The team also gave four presentations last month in Chicago at the International Association for the Study of Lung cancer national conference. Included in those presentations was the benefit of combining radiation therapy and immune therapy in the treatment of lung cancer. Those presentations will be published in the Journal of Thoracic Oncology.

“It is humbling to get the national and international recognition. We just hope that by sharing our approach both patients and physicians may benefit everywhere.” Bowling said.

Other cancer disciplines at Vidant and ECU are following a multidisciplinary approach, said Bowling.

“I am convinced that our cancer care rivals the best centers in the nation, not just because of the advanced technology and facilities, but the dedication of our nurses, staff and physicians,” he said.

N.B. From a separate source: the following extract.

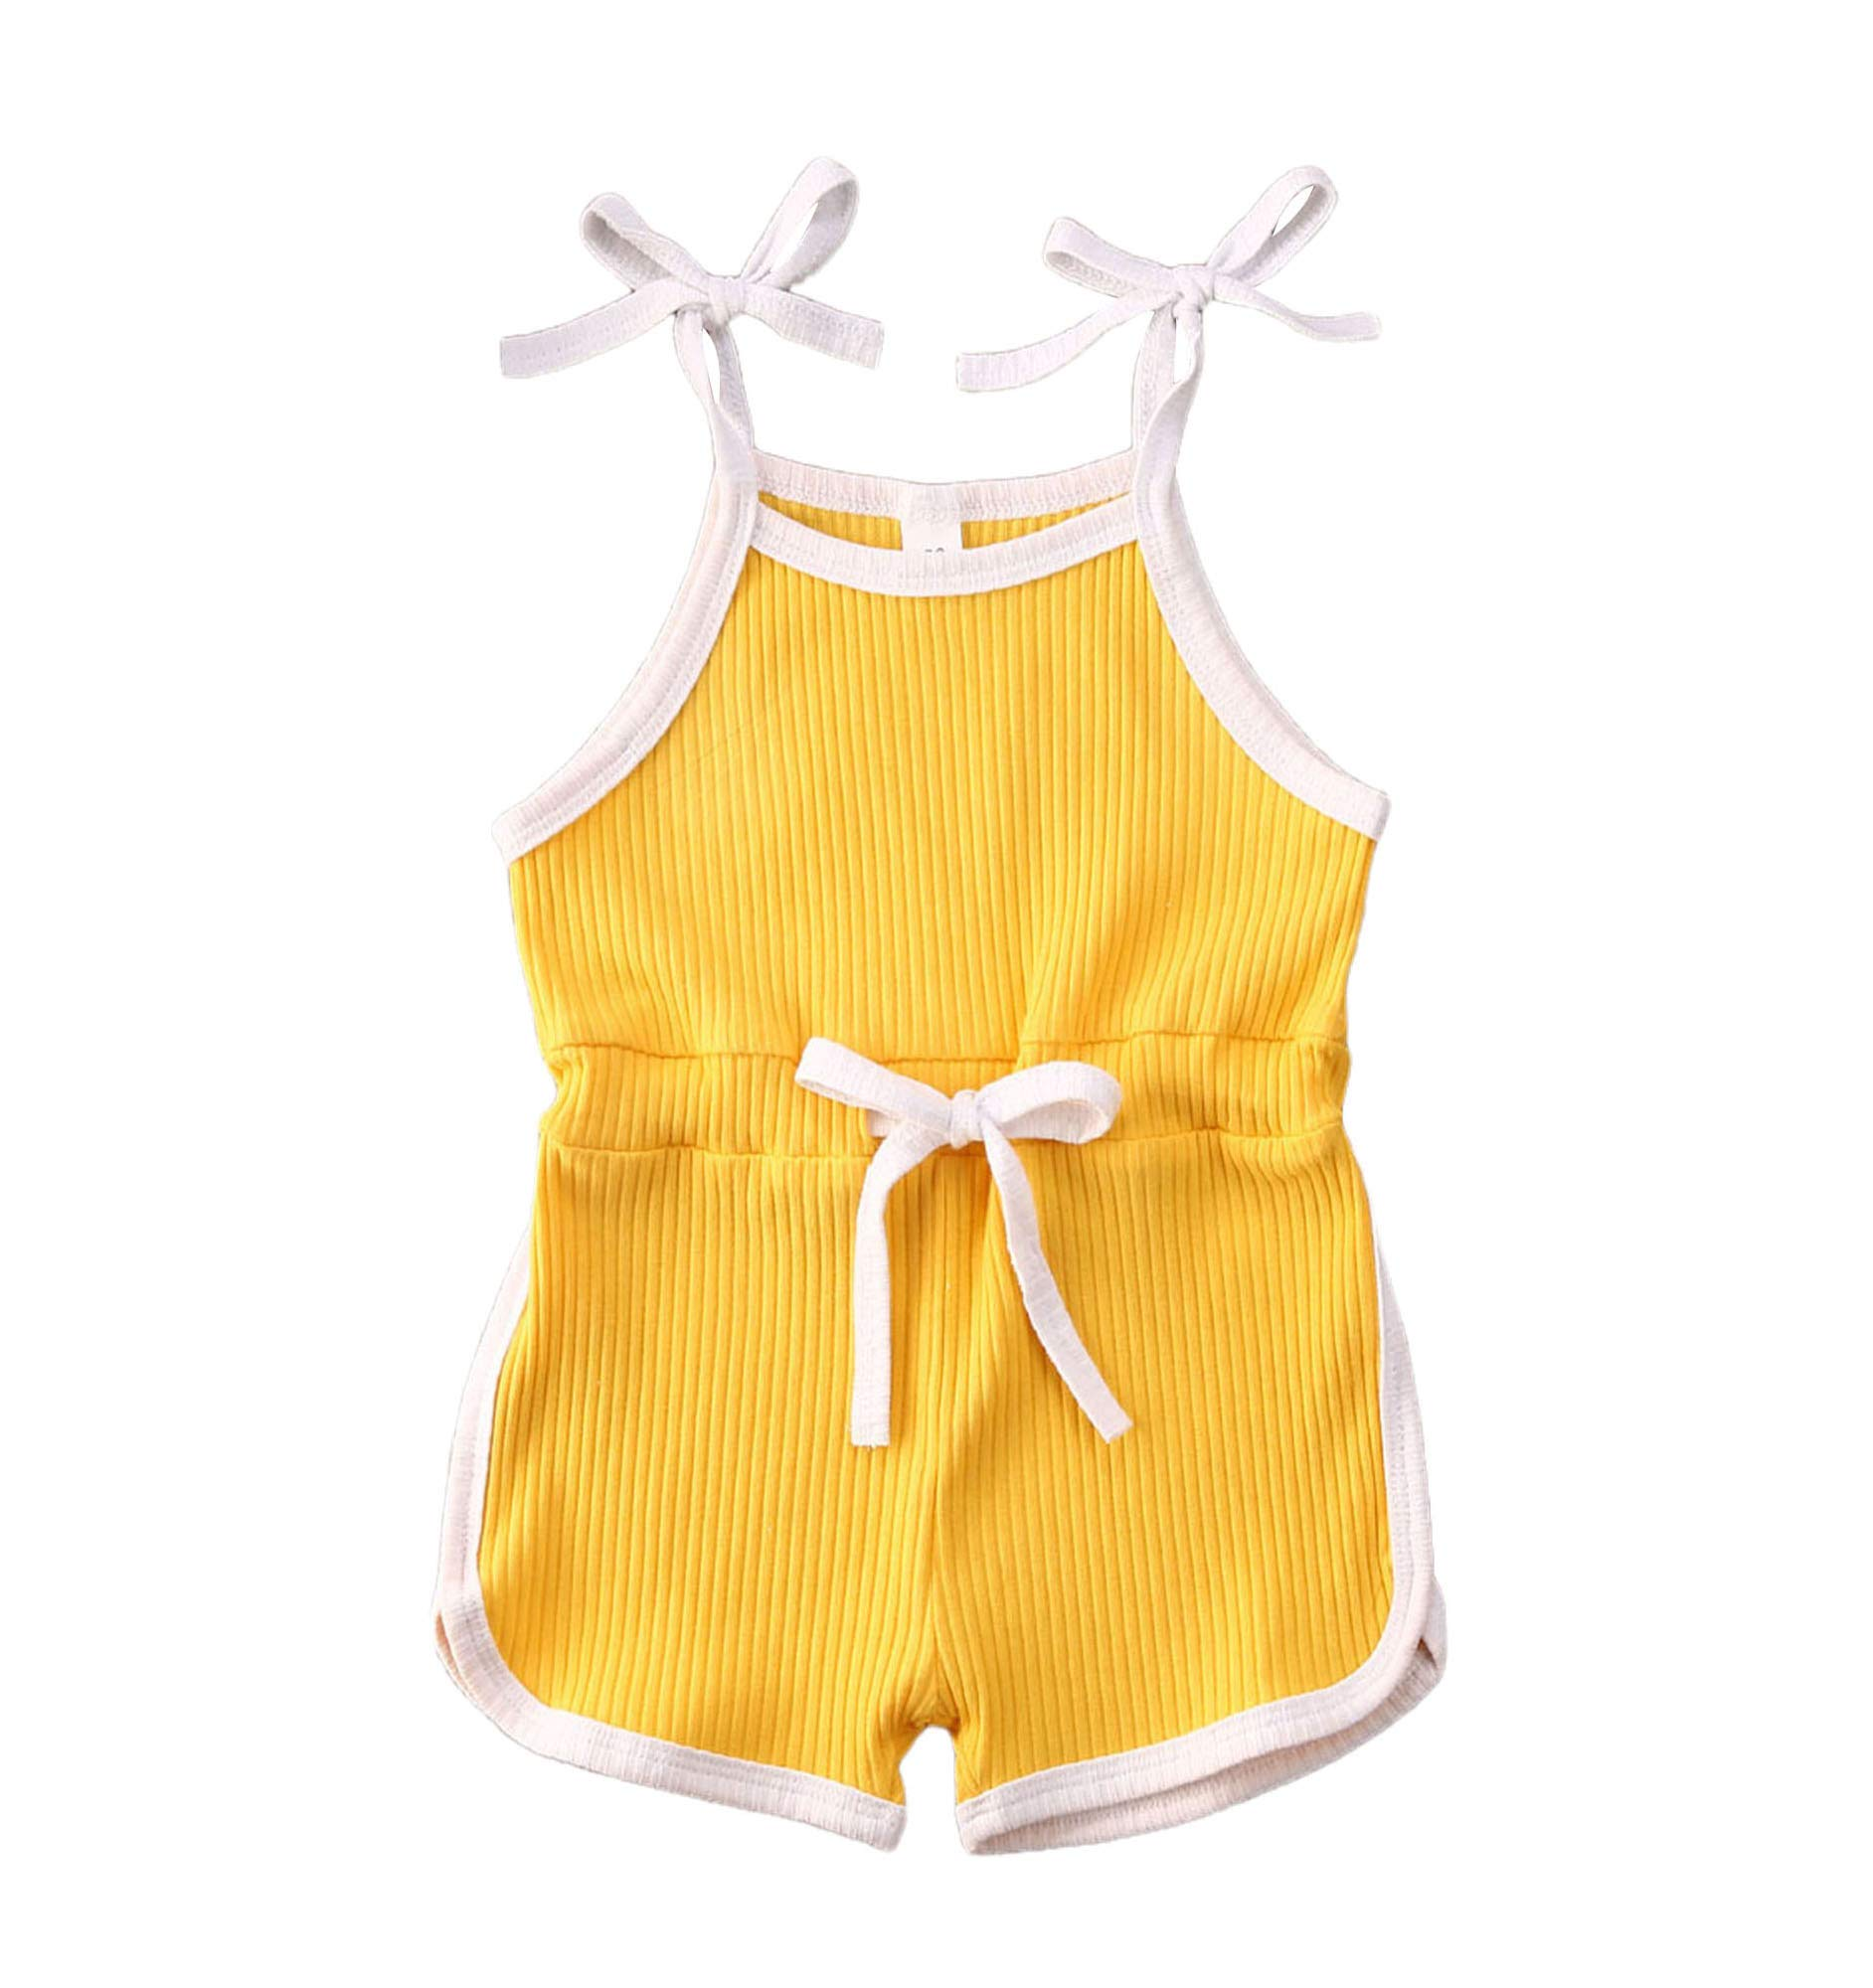 allshope Baby Girls Strap Romper Summer Bodysuit Jumpsuit Cute Toddler Overalls Outfits

“Every time I see Dr. Walker, I’m filled with hope, as well as Dr. Bowling,” Black said. ‘They are just the best team of doctors that I could ever ask for. At no point have I ever felt like a number. I’ve always walked in and felt special. I’m treated with such good care,” she said.

While Black’s brain tumors have disappeared, she continues to get treatment from the multidisciplinary lung cancer team at ECU and Vidant.

“You’re only as good as the team members you work with,” said Pam Black’s husband Doug Black. “The new technology is very groundbreaking and revolutionary and it’s keeping people like my wife alive.”